Because the CPLD has abundant logic resources and its programmable characteristics in the system, the data acquisition module of the present invention adopts the architecture of "single-chip microcomputer + CPLD", so as to effectively reduce the complexity of peripheral digital circuits while improving the data acquisition speed. Degree, improve the reliability of the hardware circuit. Here we focus on the A/D conversion interface circuit and CPLD related function design in the data acquisition module. This module adopts high-precision A/D chip MAX195 for analog/digital conversion. It is based on successive approximation principle, 16-bit conversion accuracy, 9.4us conversion time, built-in sample and hold circuit, and has self-calibration function. bit output. MAX195 adopts synchronous conversion and transmission mode, which can output the converted last data bit during the process of analog/digital conversion, so as to realize the maximum conversion and transmission speed. Its interface circuit is shown in Figure 4. Among them, AIN is the input channel of the analog signal to be converted, CONV is the start conversion signal, EOC is the status signal used to judge whether the conversion is over, CLK is used as both the conversion clock and the serial data output clock, and DOUT is on the falling edge of CLK Output the 16-bit conversion result bit by bit in a serial manner from high bit to low bit. START and RESET are the A/D conversion start signal and self-calibration signal sent by the microcontroller respectively. At the same time, the module uses CPLD chip EPM7128S to design some digital circuits, and its top-level principle is shown in Figure 5. Perform "OR" operation on the START signal sent by the microcontroller and the 4FPCLK signal generated by the external active crystal oscillator after frequency division by 4 to generate the real A/D conversion start signal CONV, and at the same time convert the converted serial data Input from the SDIN terminal and shift the data bit by bit into two cascaded 8-bit shift registers 74595 according to the level change of the SRCLK terminal. bit conversion result. The above-mentioned control signal and status signal have the following logical relationship:

SRCLK=4FPCLK&EOCCONV=START+4FPCLK,

SRCLK=4FPCLK&EOC

The single-chip software programming in the data acquisition module adopts C51 language modular design, the program structure is clear, and it is convenient for system maintenance and upgrading. Only the main program of the one-chip computer and the A/D conversion program are described here. Among them, the main program flow chart is shown in Figure 6, which mainly completes the work of system initialization, data acquisition, digital filtering, scale transformation and man-machine interface management. After the system is powered on, the timer and the serial port should be initialized, and the data acquisition command will be sent by the upper PC at any time. In the loop body, the online median filter is first performed on the water level data of each channel, and then the digital value is converted into a water level value through scale transformation, and the key is scanned while waiting for the serial port to be interrupted. If a key is pressed, it will be recognized Press the key, and the digital tube displays the water level value of the corresponding channel; the interrupt service routine related to A/D conversion mainly includes the timer overflow interrupt (setting the sampling frequency) and INT0 external interrupt (reading the conversion result from the CPLD), And realize multi-channel switching, start A/D conversion and other functions. The A/D sampling period adopts the hardware timing/counter T0 overflow interrupt and the software counter in the single chip microcomputer to realize together. The use of external interrupt INT0 to repeatedly sample the same measurement point is to prepare for the subsequent median filter. Here, the single-chip microcomputer adopts the median filter based on the "bubble sorting" algorithm to eliminate individual "bad points" that may exist in the signal, that is, to continuously sample a certain parameter for multiple times, and then sort these sampled values, select The middle value is the effective sampling value of this time. Its implementation process is shown in Figure 7. This algorithm has the characteristics of convenient calculation, fast speed and small storage capacity.

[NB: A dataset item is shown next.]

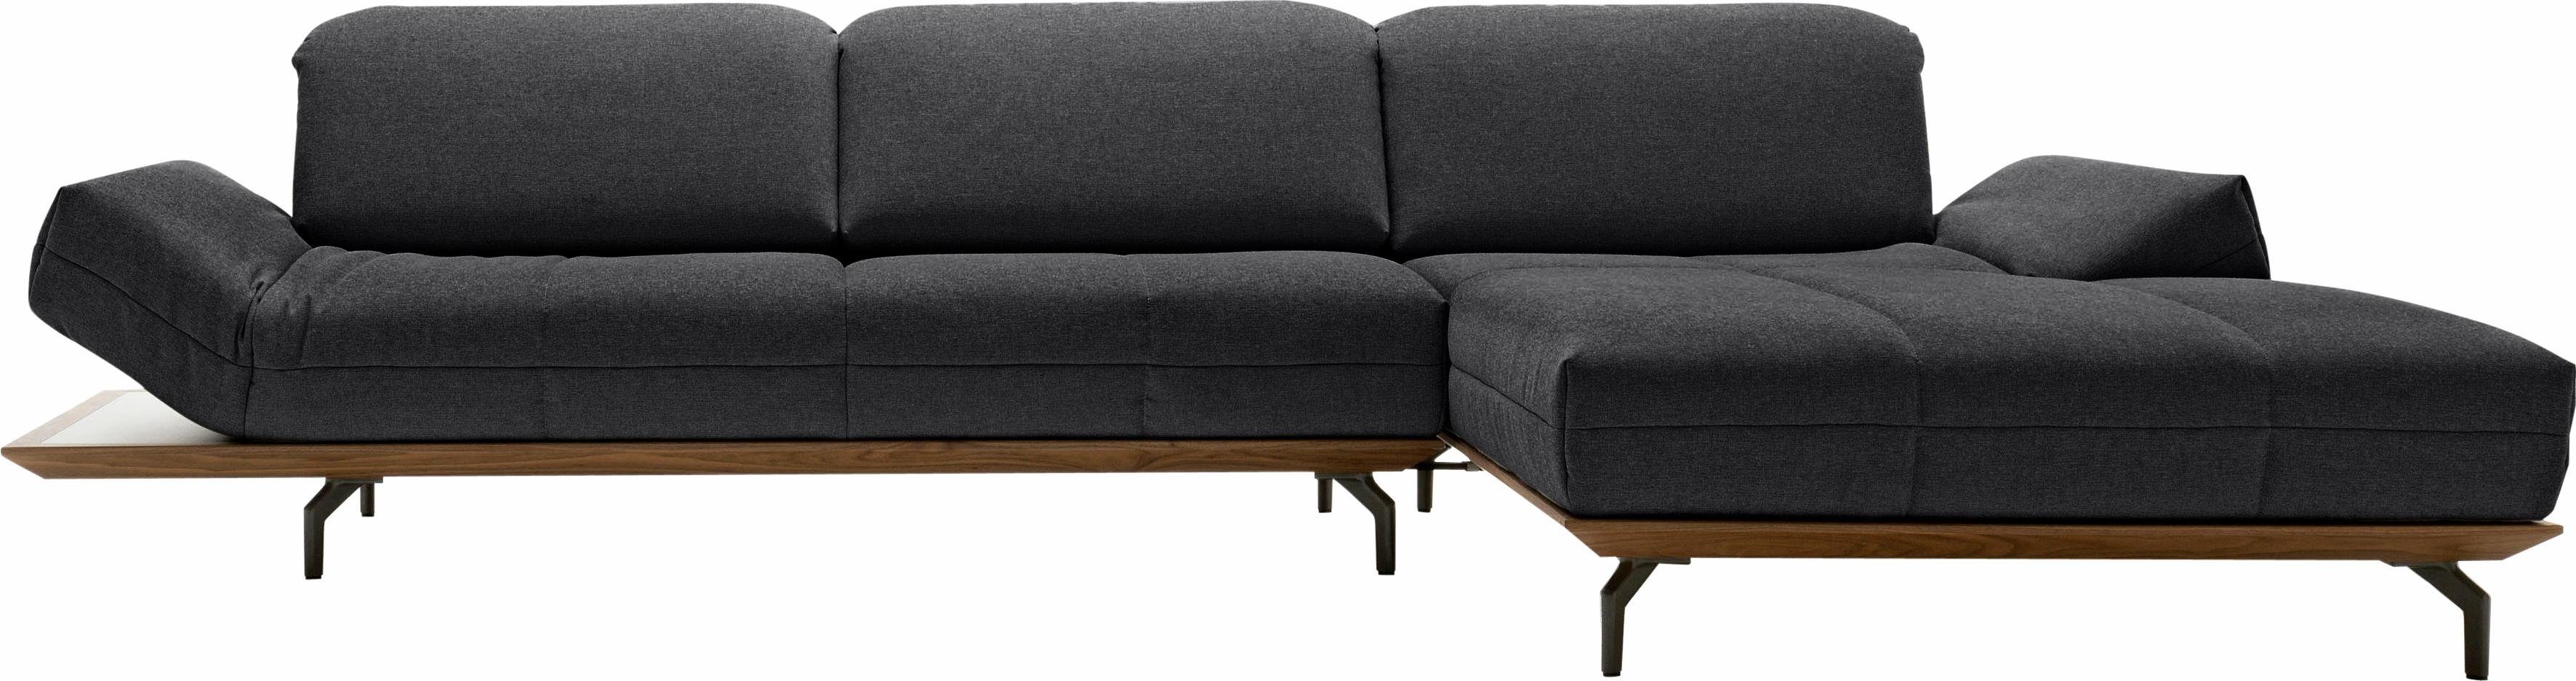 Eiche sofa Holzrahmen cm hülsta 2 in oder Natur Ecksofa 293 Nußbaum, Breite in Qualitäten, hs.420,

The remote monitoring PC mainly completes the communication between the upper and lower computers, FIR (Finite Impulse Response, finite impulse response) filtering, database management, operation of the GSM short message module, and multi-point water level display. Using VB as a development tool on the PC to solve the problem of realizing the system operation interface, the interface mainly includes system operation instructions, upper and lower computer connection instructions, upper and lower computer communication content display, current multi-channel water level display, and management of sending and receiving short messages, etc. . Because the structure of this system is relatively simple and the data source is relatively single, the Access database is selected as the background database and connected with Data Access Object (DAO) technology. Among them, the database is mainly used for the record of historical water level and the management of designated user groups of the ship lock (lock staff and boat people). It should be noted that the FIR filter of the PC is based on the median filter of the single-chip microcomputer, so as to suppress the "glitch" phenomenon to a greater extent, improve the signal-to-noise ratio, and make the signal waveform smoother. While ensuring that the amplitude characteristics meet the technical requirements, the FIR filter has strict linear phase characteristics, and has the advantages of easy implementation and absolute stability of the system. Generally, there is a convolution relationship between the output y(n) of an N-order FIR filter with constant coefficients and the input sequence x(n), and its system difference equation is

$\mathrm{the\; y}\left(\mathrm{no}\right)=x\left(\mathrm{no}\right)*h\left(\mathrm{no}\right)=\underset{m=0}{\overset{N-1}{\mathrm{\Σ}}}x\left(m\right)h(\mathrm{no}-m),$ 0≤n≤N

In the formula: x(n) is the input signal sequence; y(n) is the output signal sequence; h(n) is the unit impulse response of the system, for a filter with a linear phase, the coefficient is evenly symmetrical, that is, h(n)=h (Nn-1). Applying the window function method to design FIR filters has the characteristics of convenient modification of filter parameters, simple calculation, high precision, and easy implementation. The basic design idea is to make the actual filter to be designed approach the ideal characteristics. The present invention aims at the frequency components and characteristics contained in the actual water level signal, in order to effectively eliminate the influence of high-frequency burr interference on the true value of the water level, the typical parameters of the designed low-pass filter are: sampling frequency f _s =150Hz, passband cut-off Frequency f _p =5Hz, stop band start frequency f _st =15Hz, stop band attenuation not less than -50dB, window function type using Hamming window, filter order N=30. The FIR filter design and online filtering process are shown in Figure 8, the method includes the following steps:

1) Carry out finite impulse response filtering on the measured parameters, first give the frequency characteristic Hd(e ^jw ) of the ideal filter;

2) Compute the unit sample response of the ideal filter,

3) Set filter form, window function type, window length N;

4) Call the MATLAB function to calculate the filter coefficient w(n);

5) Calculate the unit sampling response h(n)=h _d (n)w(n) of the designed filter;

6) Store the designed N h(n) sequences into the corresponding storage area;

7) Store the median filtering result x1 as x(n) into the corresponding storage area;

8) Circularly read h(n) and x(n) values for convolution operation to obtain online filtering results

The remote monitoring PC is also connected to the 485 network in the form of a node. Its man-machine interface adopts VB language programming, and the background adopts the ACCESS database, which can display the real-time water level information of each measuring point and automatically save it in the background database. Manage the designated mobile phone user groups, send and receive short messages, etc., and can conveniently perform operations such as adding and subtracting, querying, statistics, report generation, and printing. The data acquisition module and the remote monitoring PC are connected by RS485 bus. During the data transmission process, automatic conversion between different communication standards of TTL/RS485/RS232 will be carried out. The system has good scalability.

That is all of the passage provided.